Illinois Needs Ethics Reform to Restore Public Trust

The stain of corruption on Illinois’ government is sadly well known. In recent years, federal prosecutors have been cleaning up the mess caused by Illinois’ lax ethics laws with several high-profile corruption convictions against some of the most powerful politicians in Illinois history. The ComEd Four, the longest-serving House Speaker in Illinois, Michael Madigan, long-time Chicago Alderman Ed Burke, Madigan’s Chief of Staff Tim Mapes, and others are now behind bars. 

Despite these many corruption cases, Illinois Democrats who control the state legislature still refuse to pass the meaningful ethics reform necessary to stop the graft in Illinois politics and restore trust in government to the people of Illinois. 

State Representative Ryan Spain, who has filed several ethics reform measures to change state law and was one of the three members of the Illinois House five years ago to initiate a Special Investigating Committee (2020) aimed at removing Michael Madigan as Speaker for corruption, reiterated how badly reform is needed on the state level.

“Sadly, the corrupt Madigan Way has survived and strengthened in Illinois government, despite all the recent federal convictions,” said Spain. “The federal government should not have to keep cleaning up our mess. The people are fed up and frustrated with the way business is done in Illinois. It’s time for the Governor and Illinois Democrats who control state government to hear the message from the people and clean up our state.”

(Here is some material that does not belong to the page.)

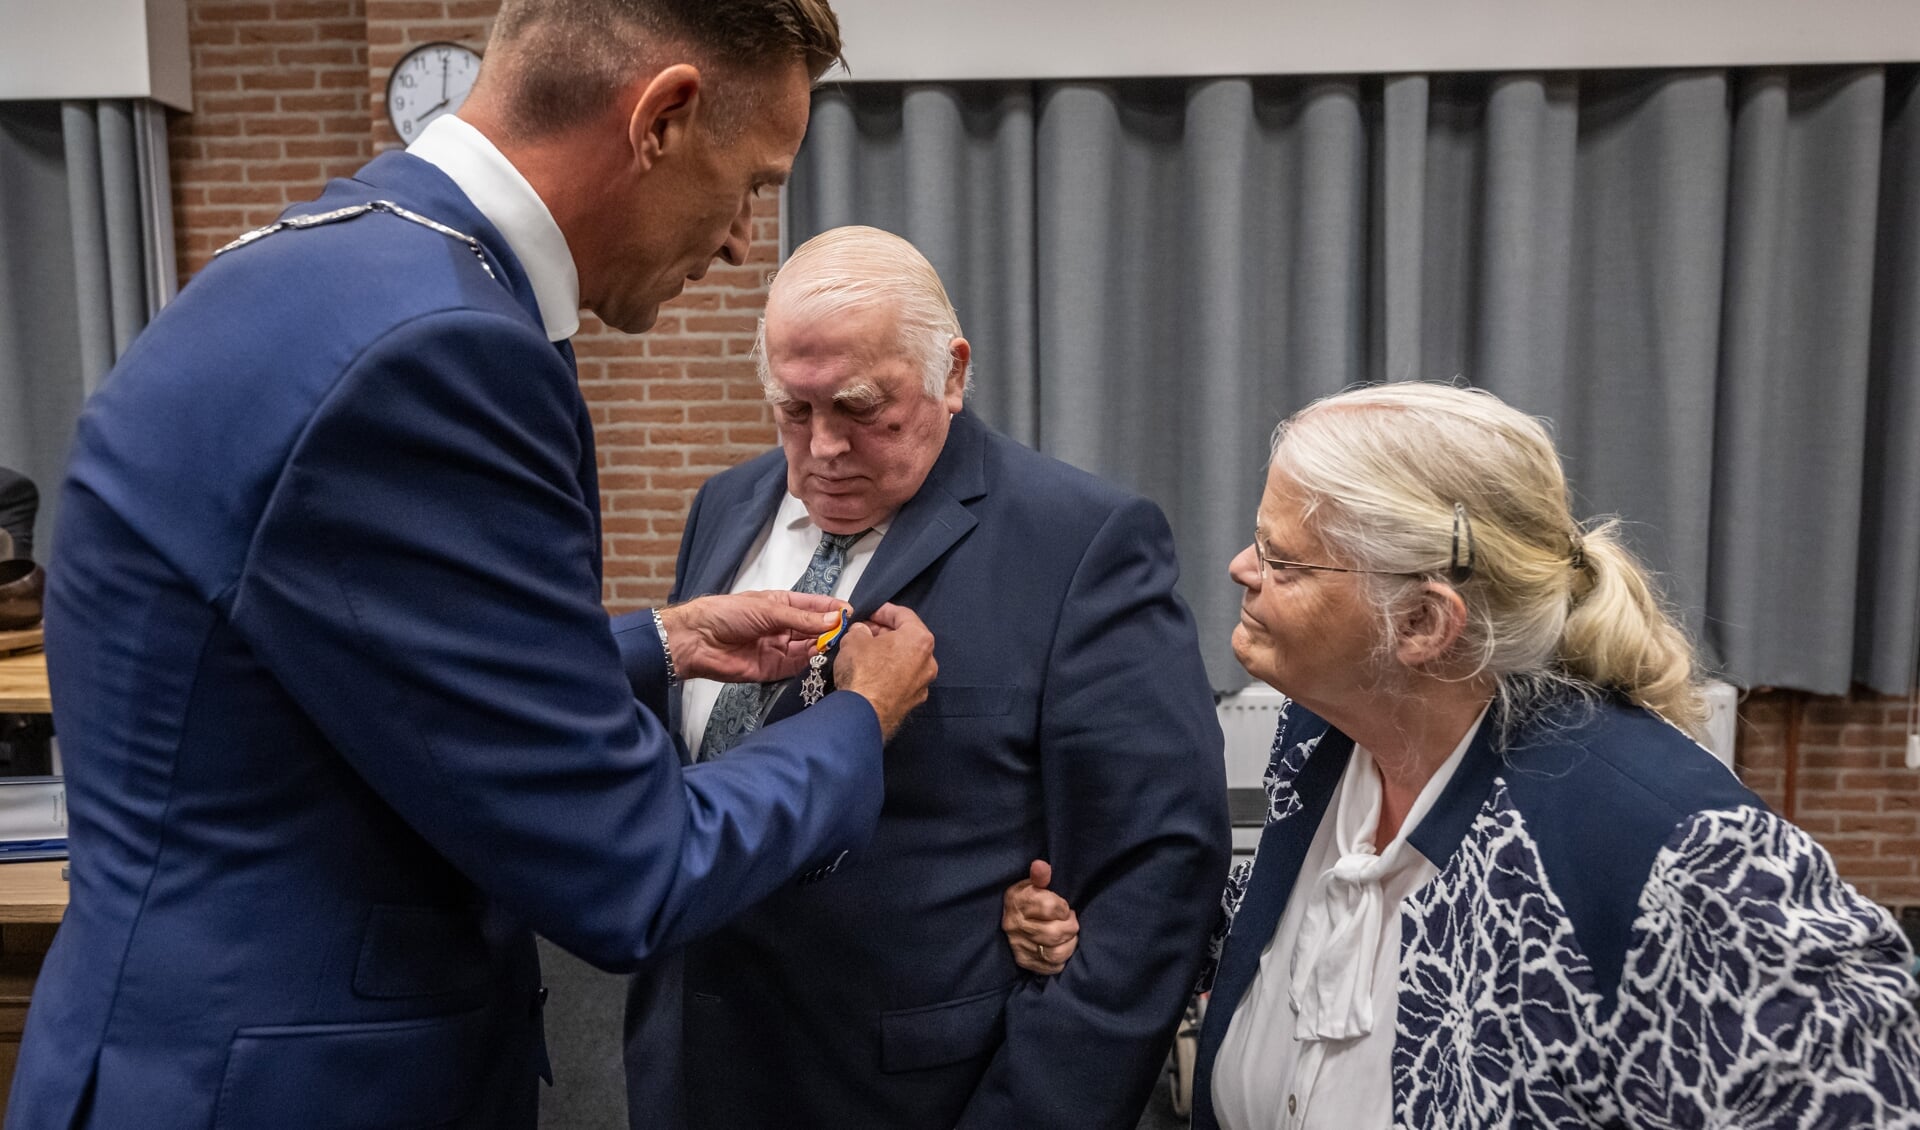 Dhr. M. Grinwis ontvangt uit handen van Locoburgemeester Daan Markwat een Koninklijke onderscheiding.

This year alone, House Republicans have served up bills to empower the Legislative Inspector General (Spain – HB 1382), improve lobbying regulation (Spain – HB 1384, HB 1385, Windhorst – HB 2413), enforce conflict of interest rules (Wilhour - HB 3121) and prevent campaign funds from being used for criminal defense (McCombie – HB 1554). Unfortunately, since Madigan was removed as Speaker, Democrats have allowed only one ethics-related bill to pass. However, the new law (Public Act 102-664) was so watered down and filled with loopholes that the Legislative Inspector General ultimately resigned in protest. This bill actually made it harder to investigate corruption. It is not reform when you tie the hands of the person tasked with investigating legislative corruption.

State Representative Patrick Windhorst serves as the House Minority Spokesman on the House’s Ethics & Elections Committee. Like Spain, Windhorst has been a longtime advocate for anti-corruption reforms.

“The time to start cleaning up Illinois government was many years ago, and it is time for Illinois Democrats to get serious about it,” said Windhorst. “When the people doubt the conduct of their elected officials to such a degree that they assume corruption is the norm, it shakes the foundation of our democratic system. We must show the people of Illinois that their government is serious about restoring the trust that has been lost.”

The Illinois House of Representatives is set to reconvene on January 20, 2026, and House Republicans will continue demanding that ethics reform legislation be taken up to restore trust in Illinois government.